Task goal:
Without including any pictures, reproduce all the lines below word for word.

Dataset section:
>>>
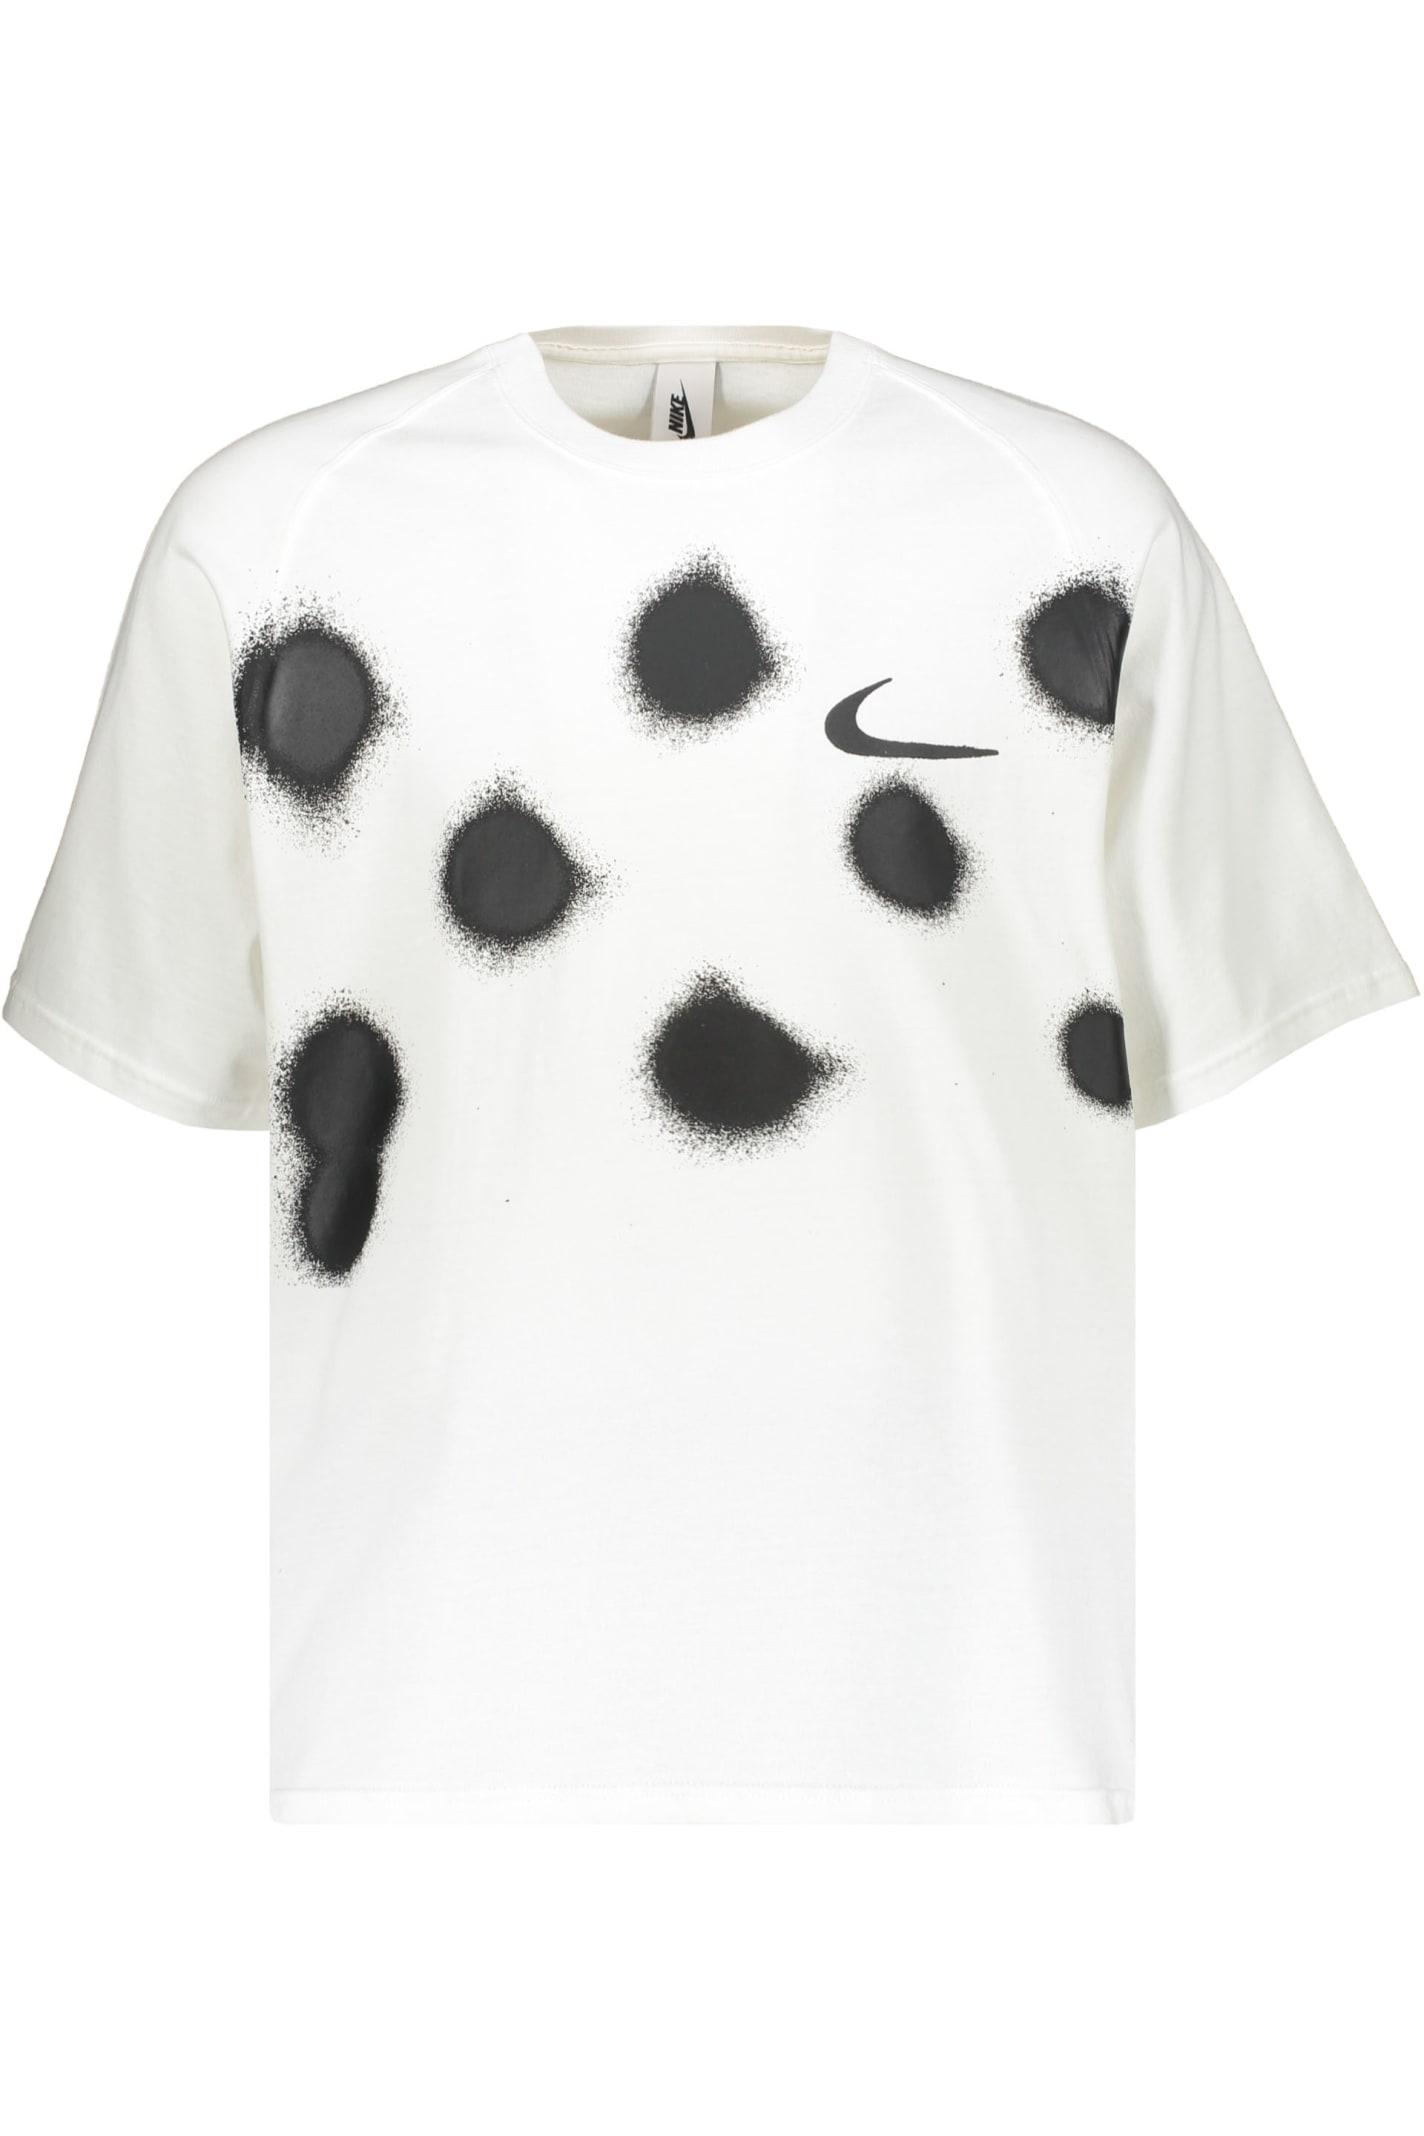 Off-White c/o Virgil Abloh Nike X Off White Short Sleeve T-shirt for Men |  Lyst
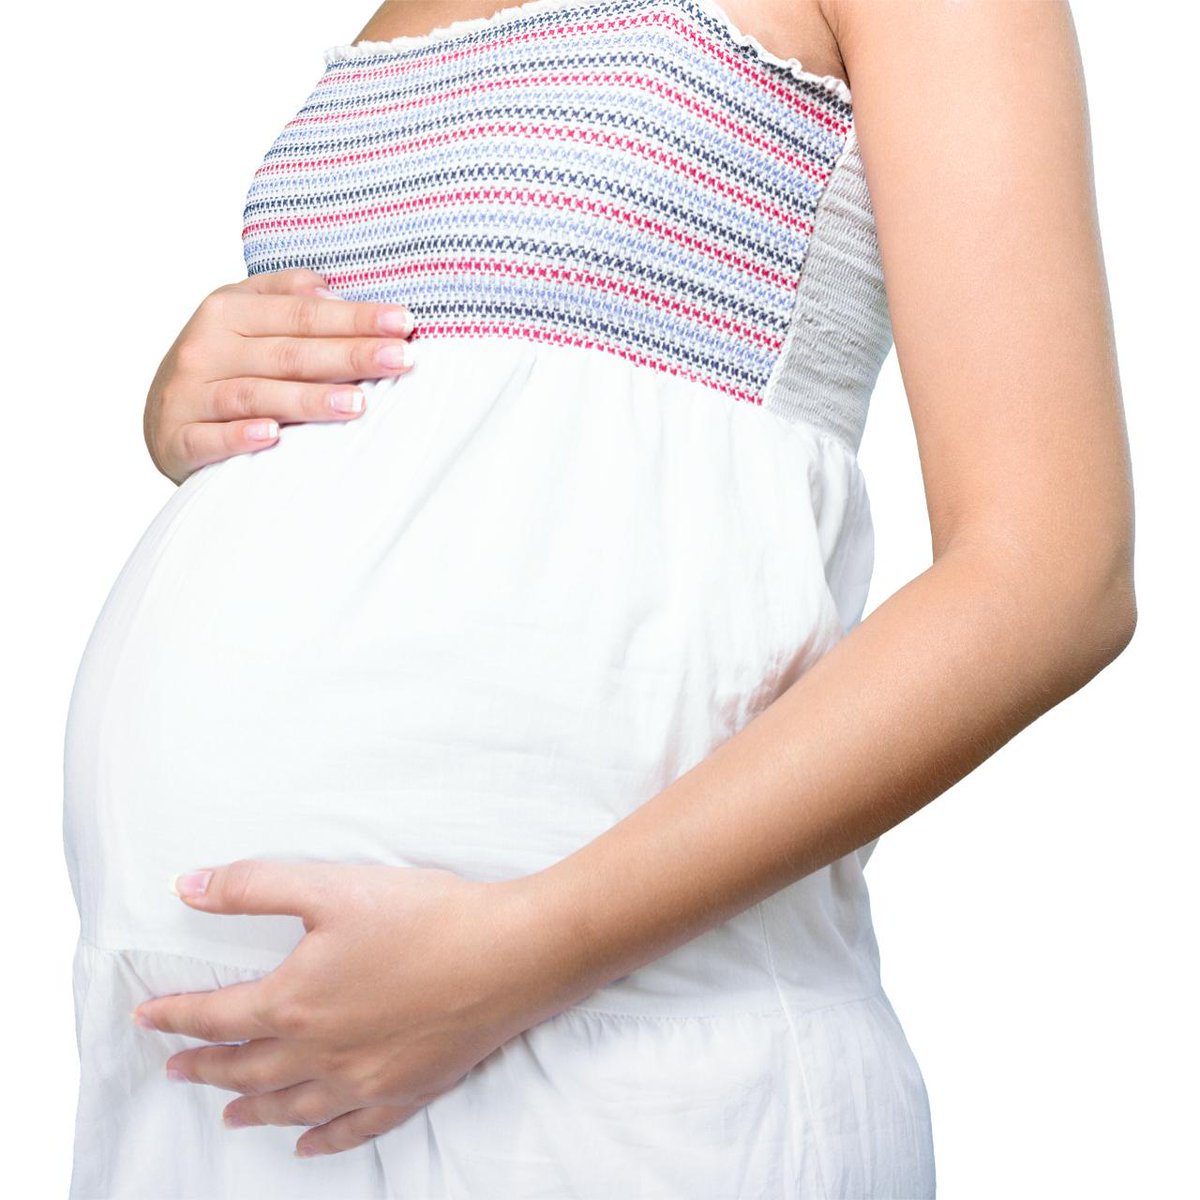 Cukrzyca ciążowa - Nie trać zdrowia na nieefektywne terapie - Zaufaj Naszej wiedzy i doświadczeniu!

#ciąża #aktywnaciąża #ciążakraków #ciążazagrożona #ciążazcukrzycą #cukrzyca #cukrzycaciążowa #cukrzycatypu1 #cukrzycatyp1  rfr.bz/t2t1cg
<<<
Response area:
 Off-White c/o Virgil Abloh Nike X Off White Short Sleeve T-shirt for Men |  Lyst
 Cukrzyca ciążowa - Nie trać zdrowia na nieefektywne terapie - Zaufaj Naszej wiedzy i doświadczeniu!

#ciąża #aktywnaciąża #ciążakraków #ciążazagrożona #ciążazcukrzycą #cukrzyca #cukrzycaciążowa #cukrzycatypu1 #cukrzycatyp1  rfr.bz/t2t1cg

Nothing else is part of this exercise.